Thomas-Moore-Creative / CSIRO-NCI-data-best-practice

open repo to help us formulate best practice techniques and codes for data management between CSIRO and NCI systems
GNU General Public License v3.0
2 stars 0 forks source link

GNU parallel vs xargs #6

Open hot007 opened 1 year ago

hot007 commented 1 year ago

I've never been an xargs user, it confuses me, but here's an example of doing an rsync with xargs insead of parallel, just documenting this here for reference (h/t @dsroberts). The following copies the contents of the current directory in 8 parallel streams, using xargs as a sort of metascheduler.

printf '%s\n' * | xargs -P 8 -n 1 -I{} rsync --verbose --recursive --links --times --specials --partial --progress --one-file-system --hard-links {} /path/to/destination/
hot007 commented 1 year ago

He observed a copy rate of about 1.2GBps within NCI which is about what we'd expect from our parallel tests - appears to be CPU limited.

dsroberts commented 1 year ago

Hi all. I had a bit more of a think about this, and I came up with the following:

xargs -a <( find ! -type d ) -P 8 -n 1 -I{} rsync --verbose --recursive --links --times --specials --partial --progress --one-file-system --hard-links --relative {} /path/to/destination

This launches a different rsync process for every file. So probably too much overhead when transferring small files or lots of symlinks etc. However, if you're transferring lots of large files (My test is 5.6TB across 273 files), this gets around login node CPU time limits, as none of the individual rsyncs hit the CPU limit. It also has the benefit of neatly balancing transfers with top-level directories of varying sizes.

The find command probably needs refinement, I'm only transferring files, so didn't need to think too hard about it.

Thomas-Moore-Creative commented 1 year ago

Thanks @hot007 & @dsroberts for documenting this here. It's been a little while since I really tested the parallel approach but hopeful it's still useful as a template that can offer some chunkier performance.
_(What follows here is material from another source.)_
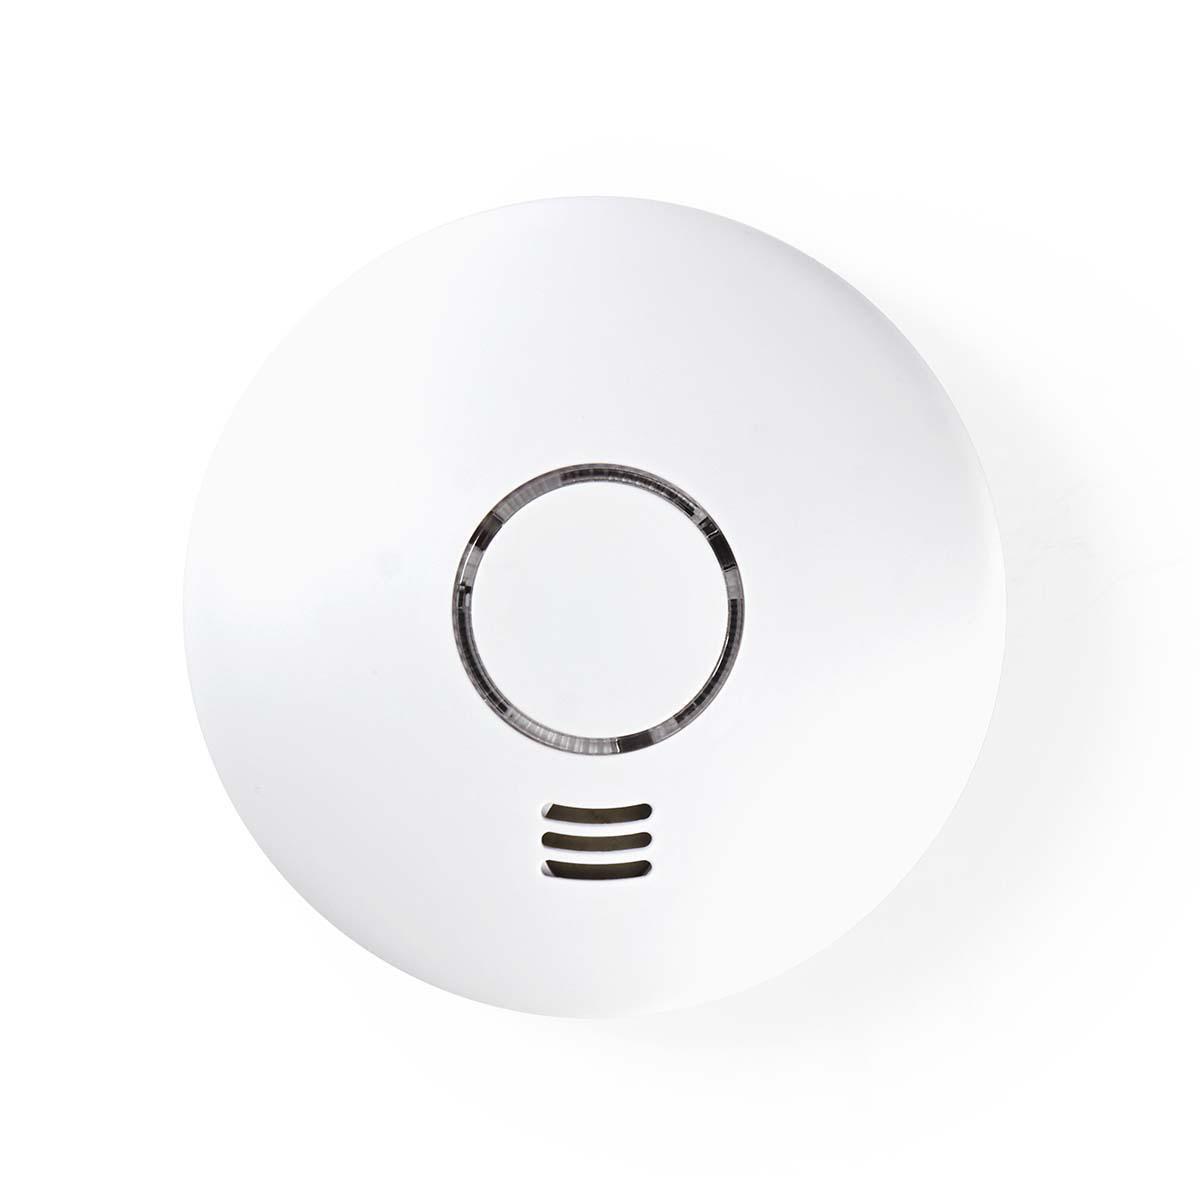 Questo rilevatore di fumo Wi-Fi ti avvisa sia del fumo che di un forte aumento della temperatura: un forte allarme suona per tutti coloro che si trovano nelle vicinanze e ricevi anche una notifica sul tuo telefono ovunque tu sia in quel momento.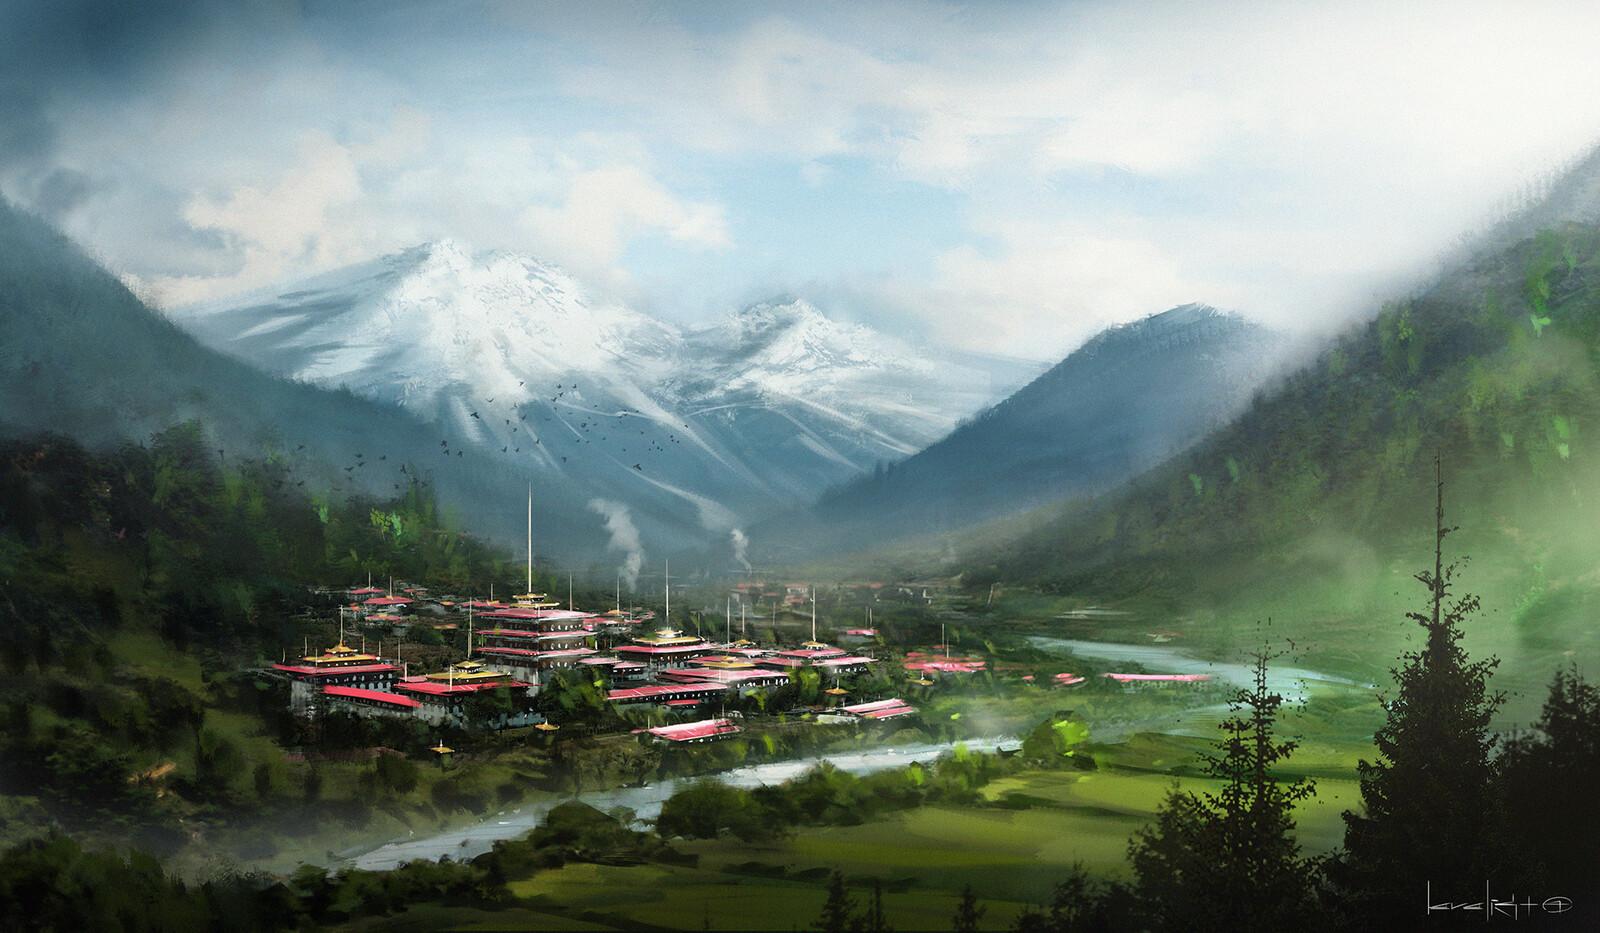 Bhutan landscape environment concept

dsroberts commented 7 months ago

Just resurrecting this post, I've been using this to move lots of data around and I've found that in the case of files of varying size, you can wind up with a 'long tail' problem whereby a large file ends up towards the end of the file list which means the whole command takes much longer to run. I propose the following:

xargs -a <( find ! -type d -ls | sort -h -k7 -r | awk '{print $11}' ) -P 8 -n 1 -I{} rsync --verbose --recursive --links --times --spe
cials --partial --progress --one-file-system --hard-links --relative {}

Which sorts the output of find by file size, meaning the largest files are always transferred first. As above, the find needs refinement as this will fall over for filenames with spaces.

Thomas-Moore-Creative commented 7 months ago

Just resurrecting this post, I've been using this to move lots of data around and I've found ...

Thanks for that advice / experience @dsroberts. I have not needed to move lots of data around recently but it's great that you are using and now "tuning" this.

Q: In your opinion does this still beat the "new" offerings via Globus?

dsroberts commented 7 months ago

I'm moving data between file systems on Gadi, so not really in a place where I can compare it with Globus.

hot007 commented 7 months ago

That is some utterly arcane bash!! That said, that's a good idea, thank you. I haven't used Globus enough recently to make a meaningful comment, but my observation of both Globus and rclone (which is also great esp for cloud transfers), is that I'm not aware of either of them doing anything smart about file size in ordering transfers. I've got a feeling that Globus might have the capability to split files which would help, but my guess is that the above is a good solution for command-line data transfers. The downside with Globus is that it tends to take a few days to get storage locations added to endpoints in my experience so if your storage issue is urgent you may need to initiate a transfer like this to chug away while setting up something more professional for future use...

dsroberts commented 7 months ago

Splitting the files and transferring the chunks in parallel would negate the need to sort by file size. But well beyond anything that can be done sensibly in bash.